According to Bridgewater's website, 46% of its employees are white men. The hedge fund is 36% women and 27% minorities, which includes Black and African American, Hispanic and Latino, and Asian employees. Bowser, who is Black, said increasing diversity was part of building a true "idea meritocracy," the term Bridgewater founder Ray Dalio uses to describe an environment where people disagree thoughtfully and ultimately reach better outcomes than they could individually. "That's rooted in bringing lots of diverse perspectives together," Bowser said.

Bridgewater will evaluate the success of the Rising Fellows program based on factors such as student feedback and whether Bridgewater's clients are able to find candidates for their internship opportunities.

Bridgewater's other diversity and inclusion initiatives include a partnership with women's college Barnard to financially support studying economics, math, statistics, and computer science.

Helping ambitious students make informed career decisions

Bowser graduated from the Wharton School of the University of Pennsylvania nearly 40 years ago. Since then, he's built a successful career in financial services, moving from Citigroup to UBS to Bridgewater, where he was previously a cohead of the Americas region.

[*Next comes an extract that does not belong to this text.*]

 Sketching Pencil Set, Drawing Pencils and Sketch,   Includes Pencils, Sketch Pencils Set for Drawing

At the same time, Bowser has sought opportunities to cultivate diversity, equity, and inclusion across corporate America. He's on the board of the Black Hedge Fund Professionals Network and the Robert Toigo Foundation, which helps underrepresented talent advance into leadership positions.

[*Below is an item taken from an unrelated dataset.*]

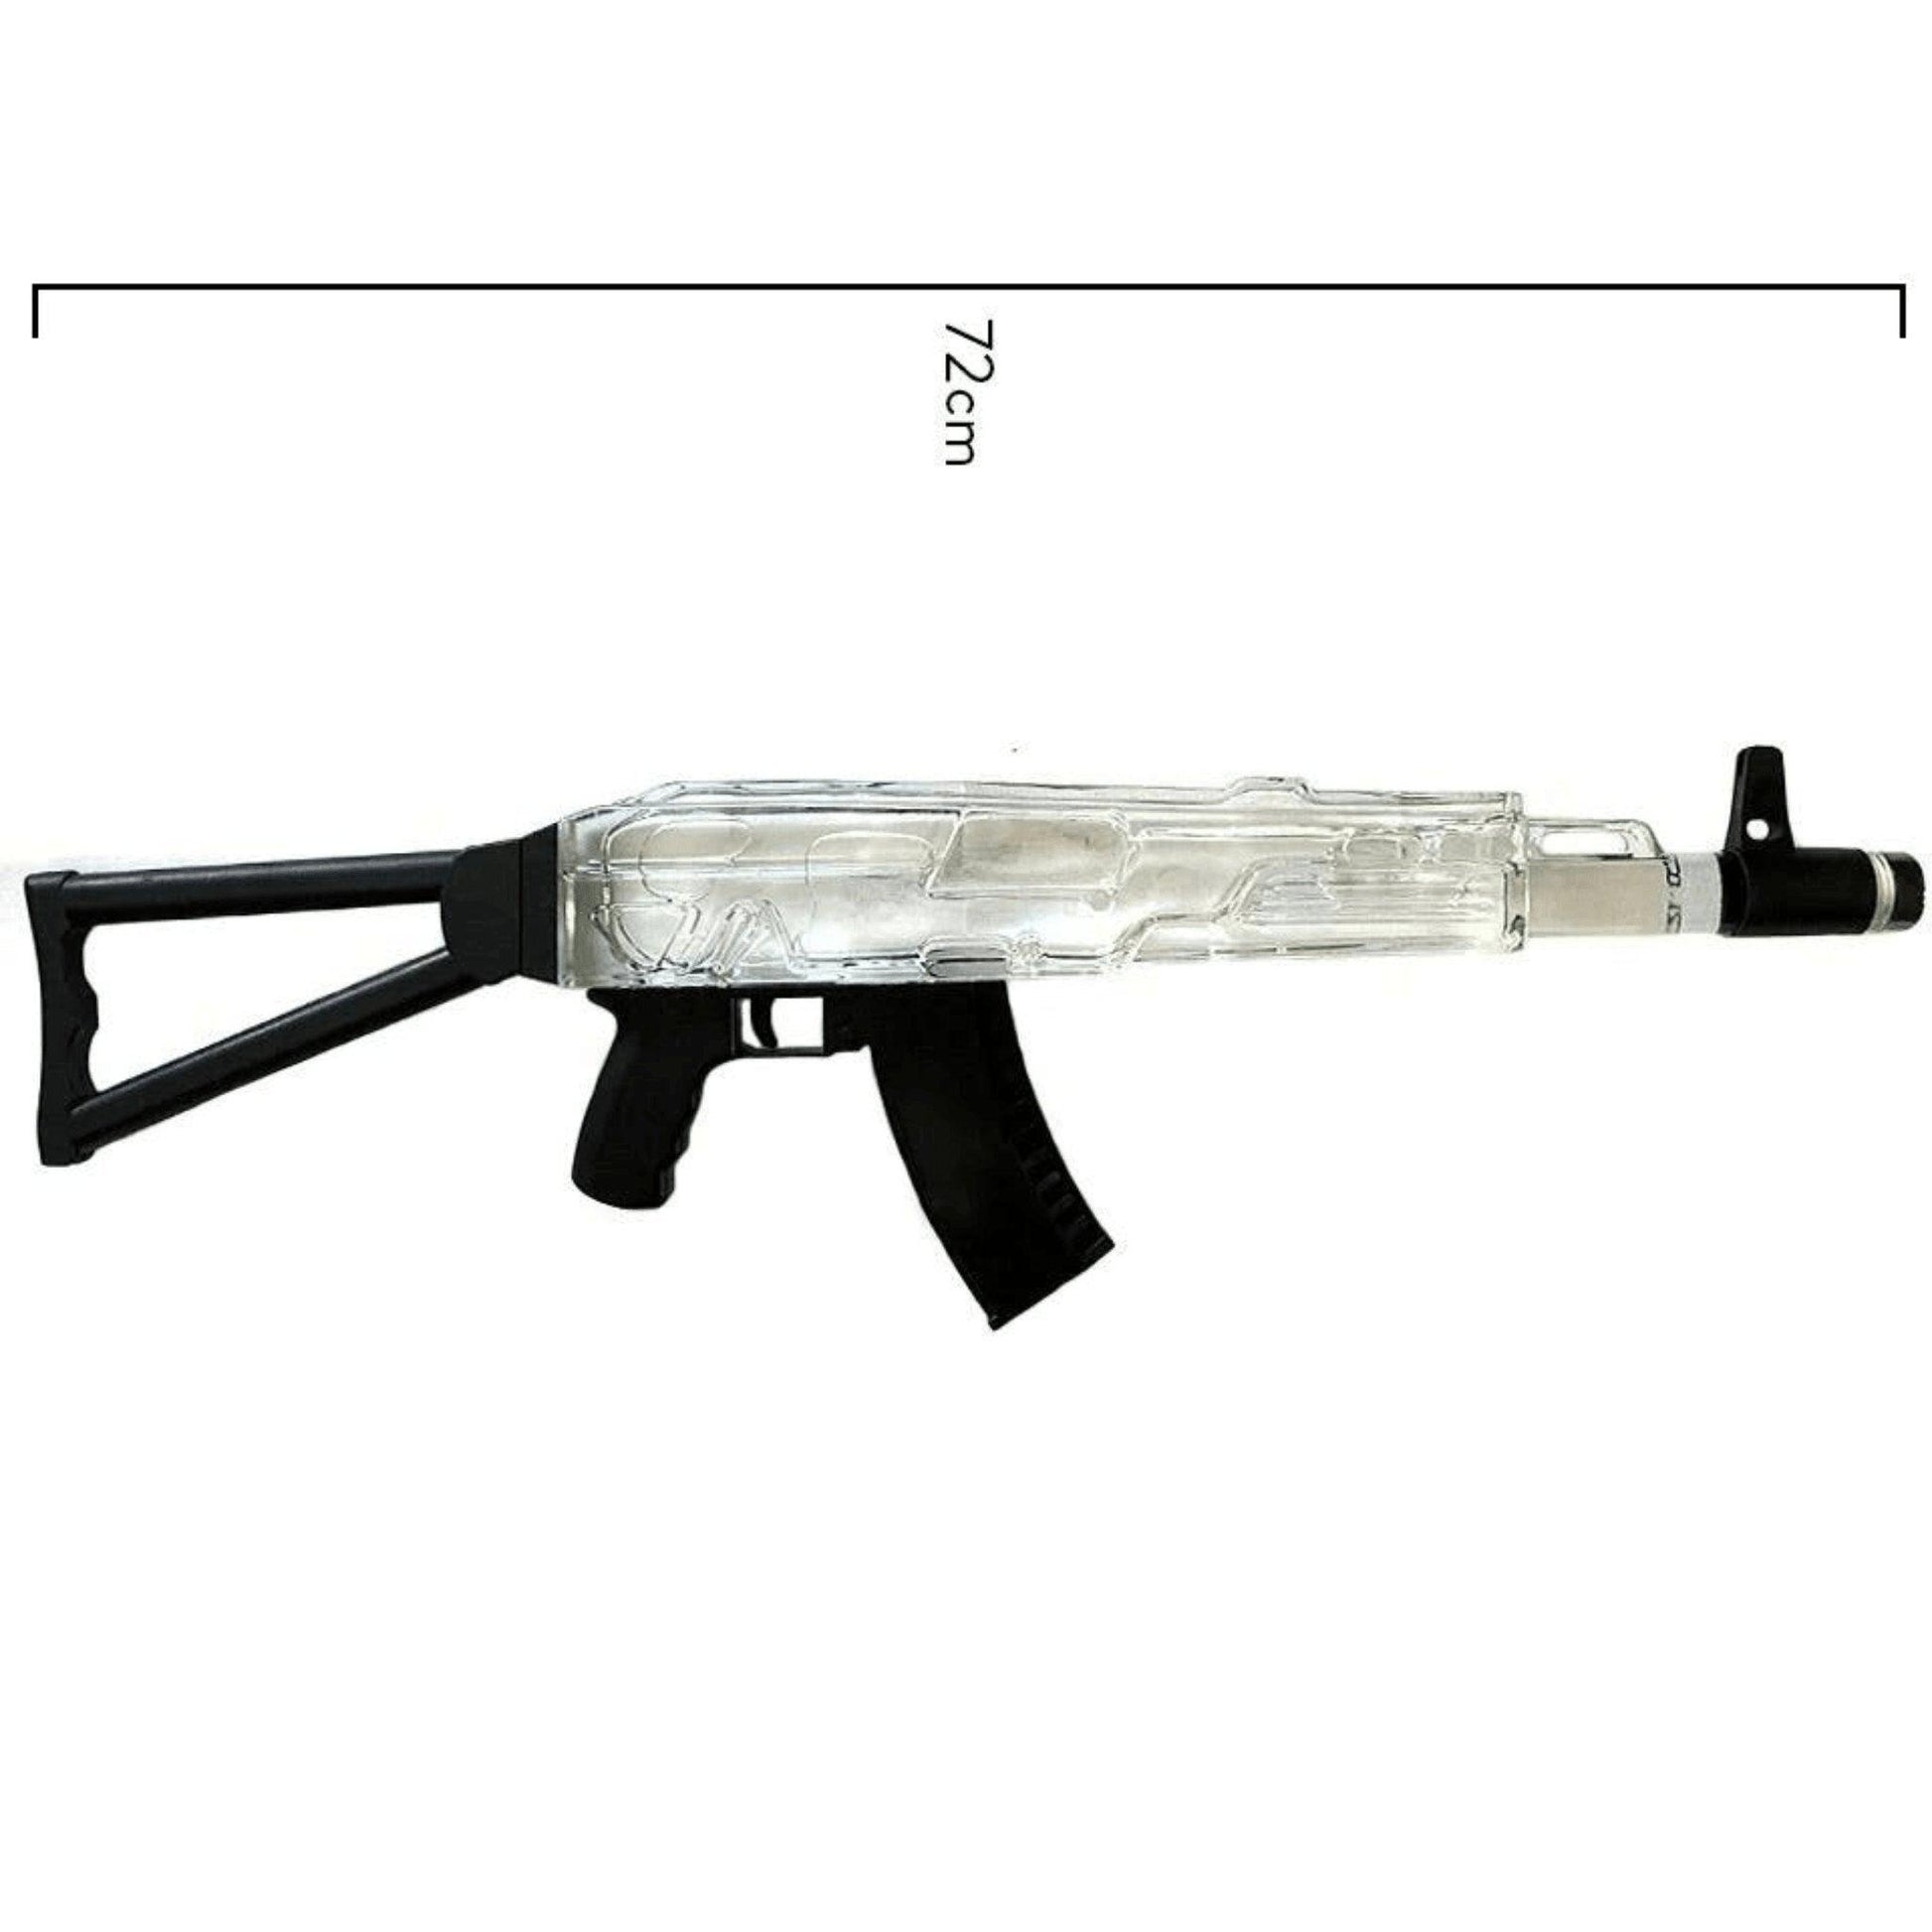 Kalashnikov AK47 Premium Vodka 700mL - Booze House

Bowser is most interested in more evenly spreading career opportunities. Bowser said he was a good student at Wharton — but didn't know what a hedge fund was.

He attributes his subsequent career rise in part to the mentorship and sponsorship he received. In a 2020 interview with the Wharton professor Stephanie Creary, Bowser said a former corporate secretary of Citigroup gave him his first job in finance, where he learned how the business worked and forged relationships with senior executives. Eventually, Bowser was able to ascend the ranks at Citigroup and land a job at Bridgewater.

Bowser told Insider: "I want to be a part of the effort to make sure that kind of opportunity, that type of engagement, that type of advancement is spread out and is available to everybody — including people who have typically been less represented in this industry."